В театре Ф. Ф. Комиссаржевский продолжал то, чему учил нас в студии. Он пытался воплотить свою теорию в практику. Первым его спектаклем была опера Моцарта "Похищение из сераля , в которой оперные партии пели певцы, в том числе В. В. Барсова - молоденькая, изящная актриса с соловьиным голосом. Главную мимическую роль паши играл Игорь Ильинский. Играл он, прямо скажем, лихо.
Принцип "синтетическою театра" пока что выражался в том, что драматические артисты играли, балетные - танцевали, оперные - пели. Потом меня заняли в спектакле-балете "Лекарь поневоле" Мольера, где я танцевал кавалера.
Случилось это так: заболел Румнев, и меня за час - два перед спектаклем ввели в танцевальную пантомиму. Никогда не забуду, как я волновался, сидя на стуле перед выходом (стоять я не мог, у меня тряслись ноги). Когда подошел ко мне Федор Федорович и взял за руку, она была холодна, как лед. Он даже испугался и сказал, что волноваться можно, "но не до такой же степени".
В опере "Виндзорские проказницы", поставленной Ф. Ф. Комиссаржевским с подлинным режиссерским блеском, я участвовал во вставных интермедиях, играя одного из шутов. Нас было четверо, по два шута с каждой стороны. Мы же были и слуги просцениума. Я был в паре с Ильинским. В антрактах мы разыгрывали пантомимические сценки. Зритель мог или оставаться в зале и смотреть проделки "английских клоунов" или, если это его не интересовало, прогуливаться по холодным коридорам театра. Обычно из зрительного зала никто не уходил.
Чем же мы заполняли эти мимические антракты? Приемы комедии дель арте нам давались довольно легко. Мы либо пародировали эпизоды спектакля, которые уже прошли, либо старались мимически разыграть сюжетные ходы дальнейшего действия. Иногда мы играли пародии-сценки "из зрительного зала", обыгрывая поведение зрителя. "Мерзли" или "ужинали", как некоторые зрители, вынимая из кармана своих пальто еду и тут же ее уплетая. Делали все весело, задиристо.
Мое первое выступление в "синтетическом театре" было, следовательно, танцевальным и пантомимическим. Пригодились балетное образование и уроки импровизации.
Эксперименты Комиссаржевского отличались многообразием. Он продолжал свои режиссерские поиски в разных направлениях. Каждому спектаклю он всегда находил свое особое решение. "Буря" Шекспира была поставлена на фоне серого и черного бархата. Четыре площадки располагались на разных уровнях сцены. Это позволяло производить различные иллюзионные трюки.
Скажем, открывался занавес, и вдруг на большом кубе появлялся неизвестно откуда артист Эггерт, игравший Просперо, который по мановению волшебной палочки мог обращать людей в зверей, а зверей - в людей.

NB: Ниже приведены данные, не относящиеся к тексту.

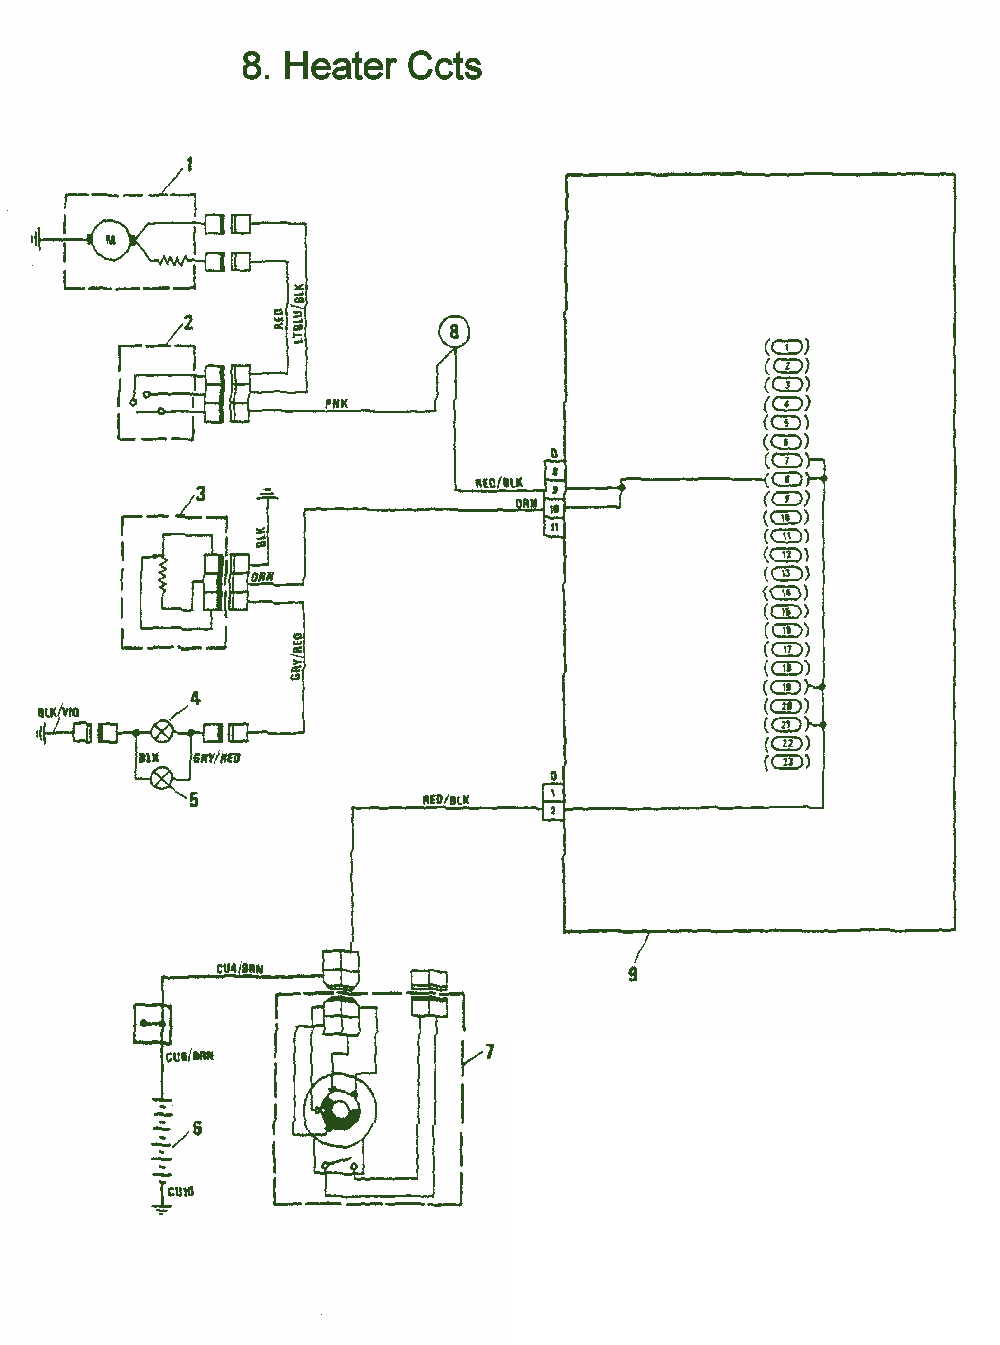 Unit Heater Wiring Diagram Image Details Car

Это делалось так: актер заранее располагался на площадке из черного бархата, на фоне черных сукон, под черным плащом, который сбрасывал в нужную минуту, когда Просперо взмахивал жезлом. В "Буре" я тоже играл какое-то чудище.
"Свадьба Фигаро" была решена в ином режиссерском ключе. Ф. Ф. Комиссаржевский не задавался целью восстановить старые, идущие еще от Мольера традиции спектаклей-балетов. Он поставил народный спектакль, где основными героями были лукавые слуги - Фигаро и Сюзанна, а также "фигуранты", специально введенные режиссером. Получилось необычайно острое, веселое карнавальное зрелище, спектакль-шутка.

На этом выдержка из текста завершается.